Cultura

8

Por Luciana Balanesi

Clarisa se bajó del colectivo y chequeó la hora. Esa tarde, cosa extraña, el chofer había obedecido a su brazo extendido en súplica de parada. Tenía entonces tiempo de hacer las compras para la cena y llegar a horario para pagarle la semana, sin extras, a la chica que cuida a Mateo mientras ella y su marido trabajan.

Sacó las sandalias de la cartera y guardó los tacos que, para las corridas hogareñas, no le resultan cómodos.

Pasó por la verdulería y la carnicería. Habló poco hoy con los muchachos que la atendieron. Sólo las conversaciones de rigor, el quilombo del tránsito en la ciudad por los cortes en la 9 de Julio, el calor agobiante de un otoño que se niega a llegar…

No tenía tiempo para pasar por la panadería. Le pediría a Luis que lo haga por ella, total, tienen una en la esquina del departamento y sabía que esta tarde llegaría temprano.

Llegó al edificio y, entrando al departamento suspiró. El viernes le permite relajarse un poco. Pateó las zapatillas y unos juguetes que, como siempre, entorpecían la entrada al desordenado living. Se acercó al sillón a darle un beso en la frente a su hijo quien la abrazó sin sacar los ojos del televisor.

Paula la observaba, indiferente, con la mochila puesta. Clarisa le pagó y se despidieron hasta el lunes.

Merendó entonces con Mateo quien le contó que la señorita hoy no había ido al jardín y que habían estado con otra que se llamaba Delfina, que habían pintado con tizas y que tenía una notita en el cuaderno. Clarisa percibió el crecimiento de su hijo y le sonaron algunas frases, de la reunión de padres del inicio de clases, respecto a la autonomía que los nenes de preescolar irían adquiriendo a lo largo del ciclo lectivo.

Se pusieron a preparar las milanesas, al chiquito le entusiasmaba jugar con el pan rallado y creerse chef, como esos que cocinan en la tele. En cuanto terminaron Clarisa fue al baño y abrió el grifo de la bañera. Mientras ella lavaba los cacharros que habían ensuciado Mateo jugaría en el agua.

Al terminar con la limpieza, y estando aún de frente a la pileta de la cocina, hizo los movimientos de relajación de hombros y cuello que había aprendido en yoga. Harto consciente de su necesidad de volver a la actividad, y pensando en cómo haría para retomarla, se distrajo con una araña que tejía su red en un rincón del techo. La llamó el nene. Estaban jugando con espuma cuando escuchó la llave introducirse en la puerta de entrada. Comenzaba el fin de semana familiar.

Luis no hizo más ruidos.
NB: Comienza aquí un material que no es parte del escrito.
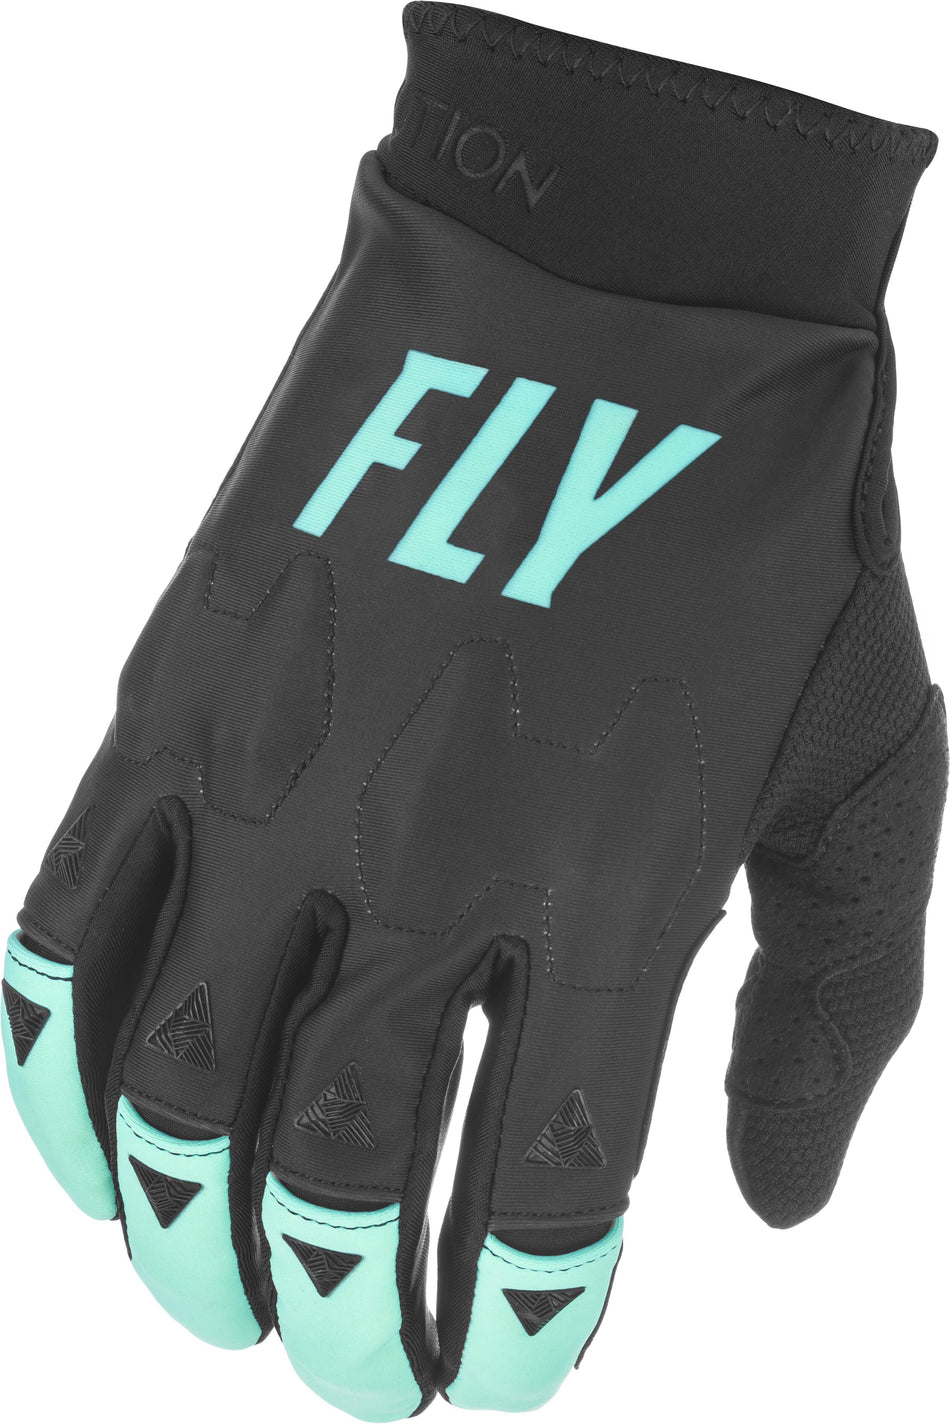 FLY RACING Evolution Dst L.E. Gloves Mint/Black Sz 12 374-11912
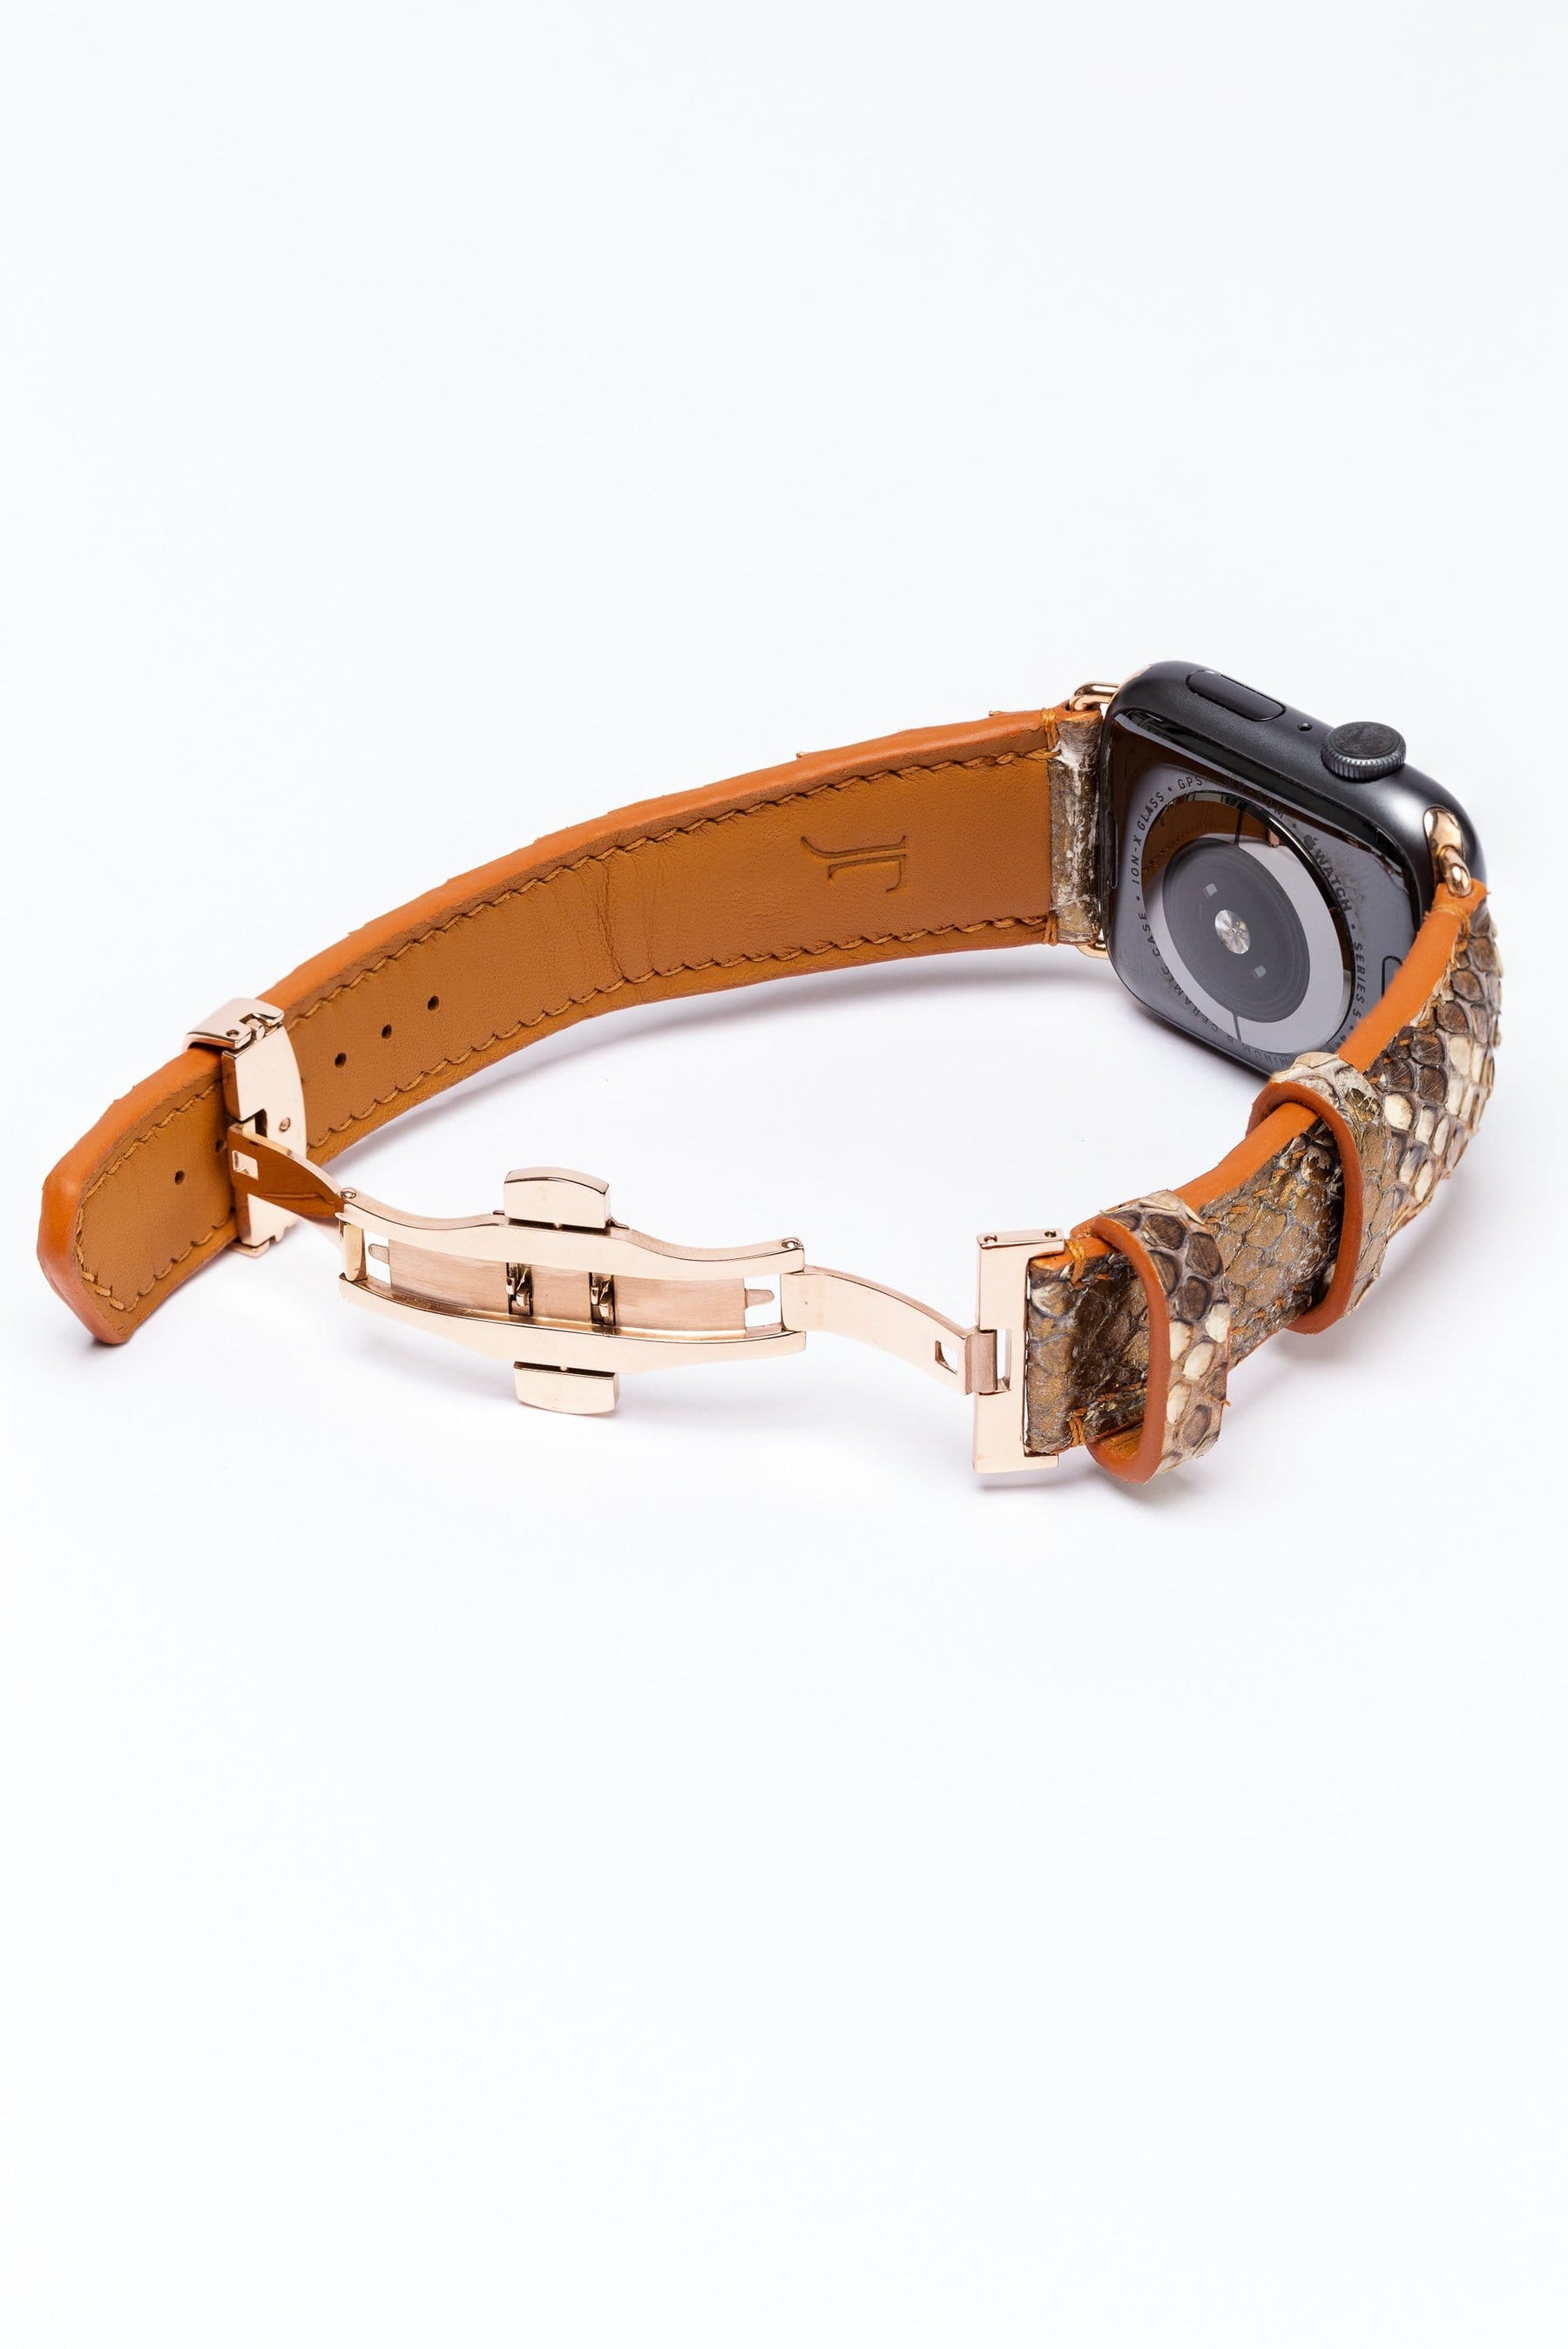 Tamagini Leather  Luxury Apple Watch Strap 44mm Denim Blue Osrtich | Tamagini Leather

Cuando salieron del baño lo encontró, desplomado en el sillón, descalzo, con los pies apoyados en la mesa ratona, y la corbata desanudada alrededor del cuello, mirando el partido. Así el reencuentro. Así. Como todos los viernes desde hacía 8 años.

Ganó el Barza. ¡Partidazo! Messi un capo. Un maestro. Padre e hijo festejaron el triunfo. Y con la alegría todavía dibujada en sus rostros se sentaron a la mesa. Mateo estaba cansado. Clarisa lo acostó. Y mientras Luis, ahora en bata, se quedó mirando el noticiero, ella lavó los platos.

El volumen del televisor subió por lo que Clarisa supo que era el momento. Esa araña se había quedado tejiendo redes en su mente. Tenía que matarla.

Buscó el gastado escobillón y con apenas un roce el insecto empezó a descender por el hilo transparente que iba extrudando en su propio descenso. Cayó a los pies de Clarisa que con sandalias no se animaba a aplastarla entonces, sin quitarle los ojos de encima, manoteó la cartera y sacando el taco le dio ocho zapatazos.

Los contó y supo que no eran casuales. Sintió que en cada golpe canalizaba los motivos de su tristeza y del fracaso que se había instalado en su vida. Le pegó:

CLAF! Al hartazgo de la rutina, TRAF! al cansancio del sueldo que nunca alcanza, PLAF! a la ausencia de paisajes en los viajes apretados y hediondos al trabajo, PLUM! a la culpa por el tiempo que no tiene para estar con Mateo, CLAP! a la falta de momentos para dedicarse a ella misma, BUM! a los besos insípidos, TOC! al sexo automático cada tres días, PUM! a la soledad en que vivía estando acompañada.

Satisfecha y transpirada fue a darse un baño de inmersión, Había tomado la decisión. Tenía que llegar un cambio y de ella dependía encausarlo.

Se pintó de rojo las uñas de los pies. Se delineó los ojos. Se perfumó, y sirvió dos copas de vino tinto.

Esos ocho zapatazos le habían dolido quizás, más a ella que a la pobre araña. No solo el arácnido había muerto. Algo mejor estaba por comenzar.